Утром она дала питомицам каких-нибудь пятнадцать минут на то, чтобы одеться, обещая оставить дома ту, которая замешкается. Хотя они много лет прожили под одной крышей, никакой нежности к ним хозяйка дома не проявляла.
– Сегодня мы посидим на плетеных стульях в баре «Паласа». Никто не запретит нам заходить в эту чертову гостиницу, – со злостью сказала Джоконда.
Диана стала возражать, держа, однако, сторону Джоконды.
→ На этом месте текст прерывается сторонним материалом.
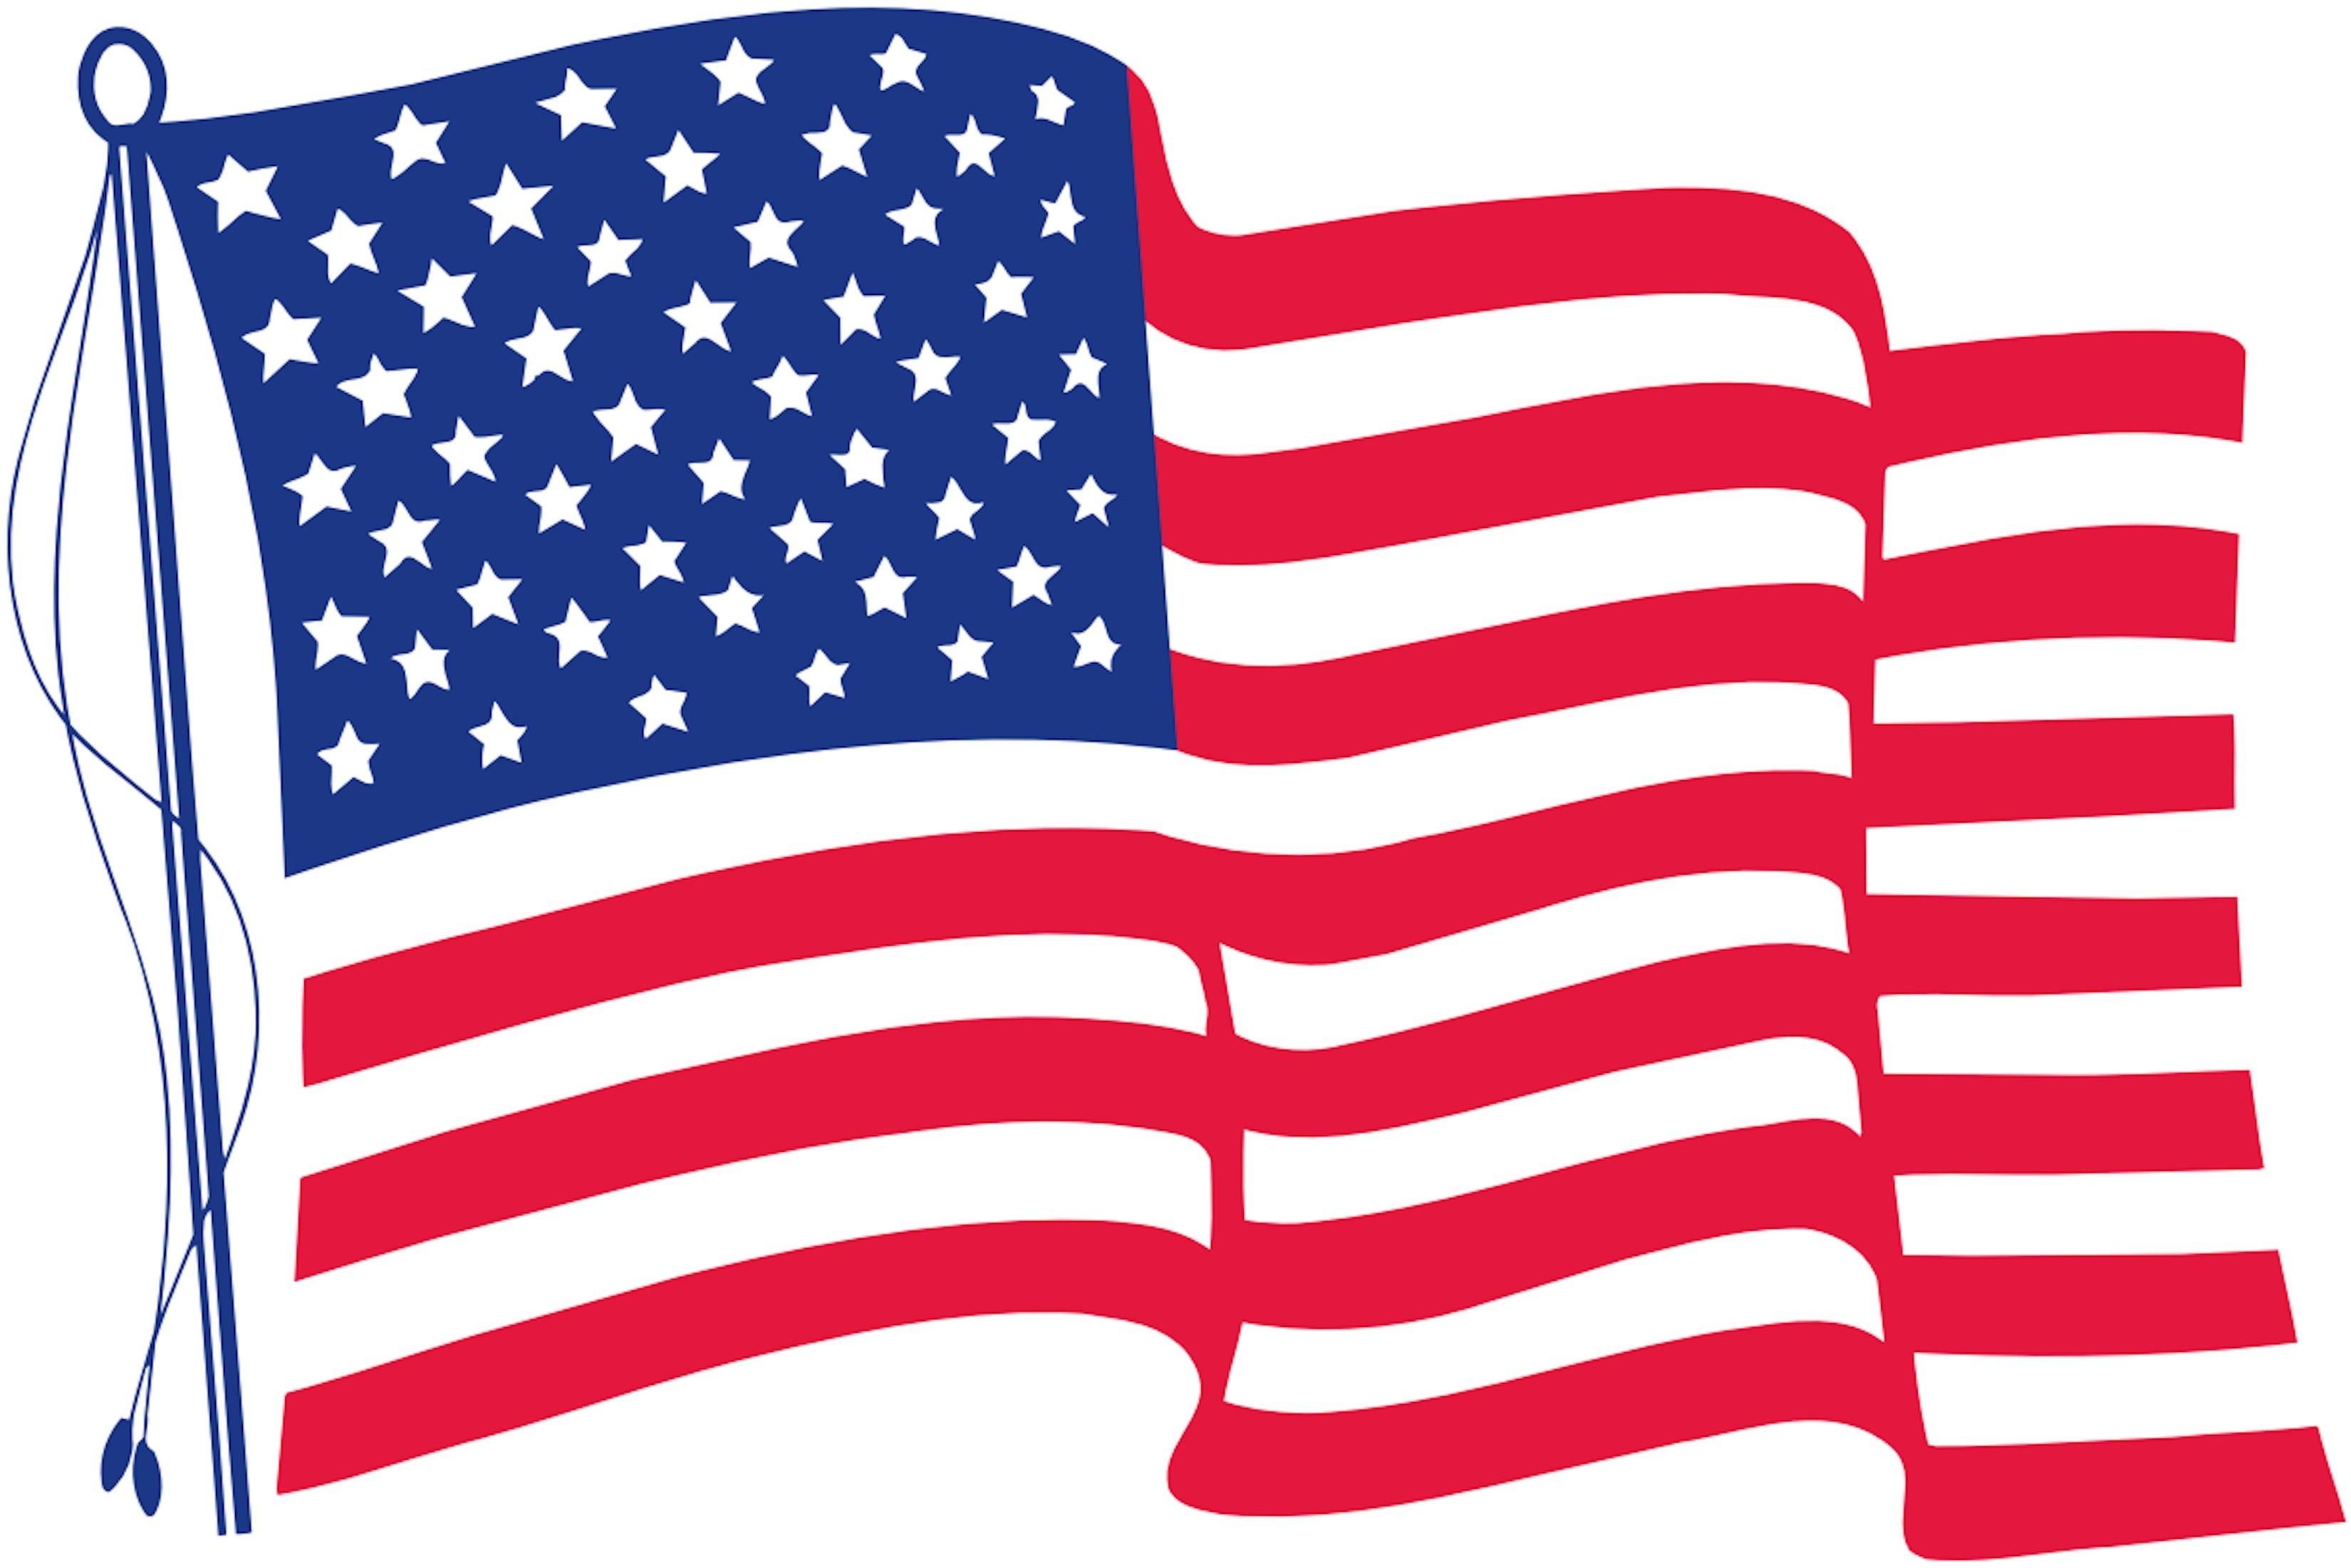 Printable american flag clipart jpg royalty free stock American Flag Printable - Making-The-Web.com jpg royalty free stock

– В этом самом баре нам грозит опасность. Нас в конце концов побьют камнями, как Святого Стефана.
Другие две не встали на защиту Джоконды. Их молчание губило ее мечту подняться по общественной лестнице на ступеньку выше. Уж лучше отказаться от роли опекунши этих трех неблагодарных, и она пригрозила покинуть их.
Пальмира настаивала, чтобы Джоконда осталась, показала Диане содержание сумочки, куда она уже положила губной карандаш, пудру, губку и гребень. Пальмира чувствовала себя счастливой: впервые за столько лет она не думала о бедности, ей уже ни к чему был звон монет, верный показатель благополучия. Ее не пугала францисканская бедность, грозившая в недалеком будущем: предстоявшая вылазка вдруг избавила ее от забот мнимой богачки.
Ее горячность тронула Джоконду, которой давно не хватало чьей-либо привязанности, хотя она стойко переносила одиночество, создаваемое ее собственным энергичным характером.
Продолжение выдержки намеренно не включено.